Threats to Validity. Threats to the validity of our evaluation results should be acknowledged to ensure that the conclusions made from this study are not misinterpreted or overstated. One potential limitation of our study is the different sampling sizes of the analyzed categories. In particular, the groups of participants who mentioned having no game experience and the “Disruptor” player type had smaller sample sizes, which may have resulted in less reliable data. Moreover, given that motivation and acceptance are complex constructs, it is plausible that our study, conducted over a relatively short period, may have not captured all the relevant aspects of these constructs. Thus, to address these limitations, we plan to conduct a longer study that will collect usage data and survey responses over a more extended period, which we hope will provide a more comprehensive picture of the effects of gamification on chatbot interaction, enabling us to draw more robust conclusions.

5 Conclusion, Implications and Future Work

In conclusion, this paper has presented a novel approach to increase learners’ motivation to interact with educational chatbots by integrating gamification elements. We identified and explored three distinct research inquiries on combining gamification and chatbot technology: how gamification and chatbots may be effectively combined to promote user engagement, the extent to which gamification serves to enhance motivation to interact with chatbots and the users’ acceptance of a gamified chatbot and its elements. We proposed a framework to gamify chatbots, independent of the chat platform, using standardized interaction data stored in a LRS and created Quiz-GBot, a gamified Quiz-Bot. The use of the standardized data format allows for the easy gamification of any educational chatbot, opening possibilities to include gamified chatbots in different TEL scenarios. The results of the evaluation of Quiz-GBot, which we based on different motivational models, showed that the gamification of educational chatbots could lead to increased user motivation and acceptance. Participants expressed enjoyment and satisfaction with the different gamification elements and reported an increased motivation to interact with the chatbot. However, our findings also suggest that while gamification can be an effective method for increasing user motivation, it may not be suitable for all users depending on prior gaming experience and other attributes. Yet, we saw that when categorizing users using the HEXAD framework, it made correct predictions about the users’ preferences. This leads to the notion that the HEXAD framework can be used as a base for implementing personalization into gamified bots.

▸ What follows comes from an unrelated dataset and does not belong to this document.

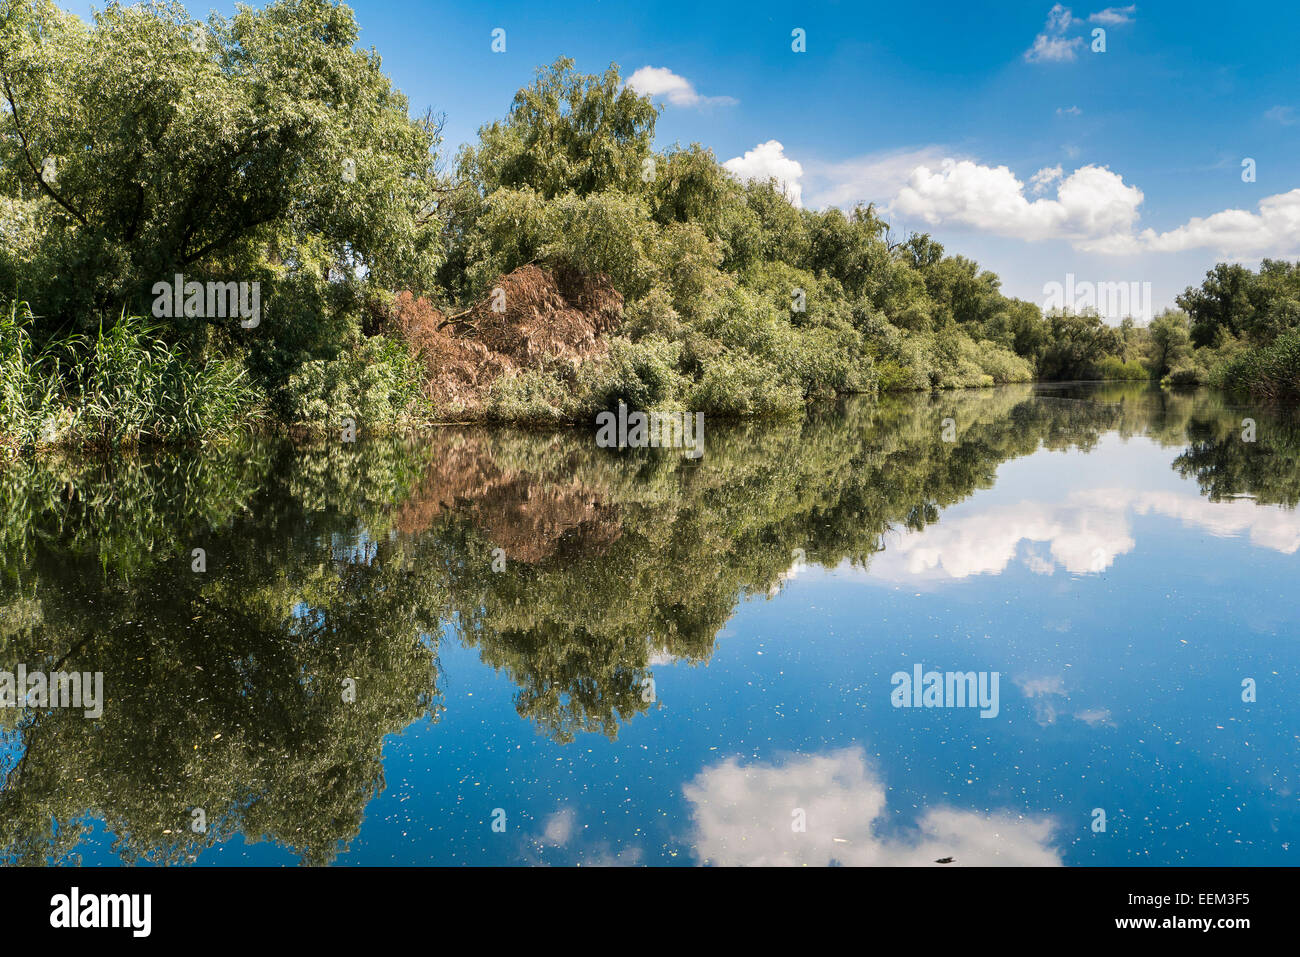 Danube Delta, channel through the lake district, Crisan, Dobrogea, Romania Stock Photo
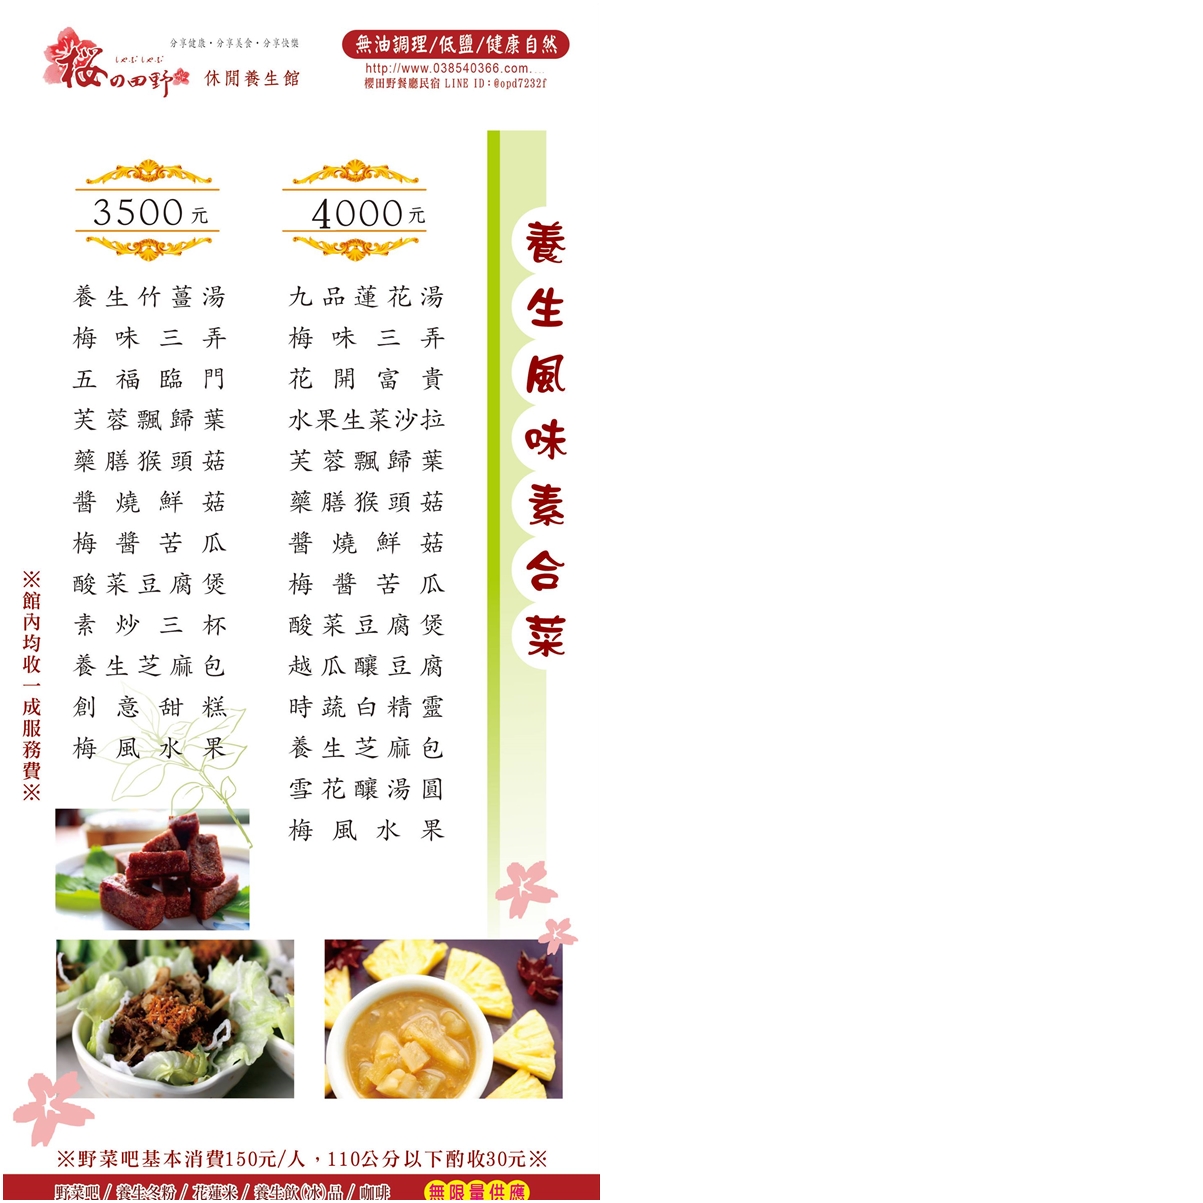 櫻田野休閒養生館 菜單

To improve the gamified bot, we plan to address minor technical issues, such as improving message formatting, visualizations, interactivity and the integration of models like ChatGPT for enhanced conversational realism. Additionally, in future studies, we want to evaluate the longer-term effects of gamification on user motivation and interaction rates in a real educational context.

Overall, this paper contributes to the growing body of research on gamification in education and lays the foundation for future studies in this field.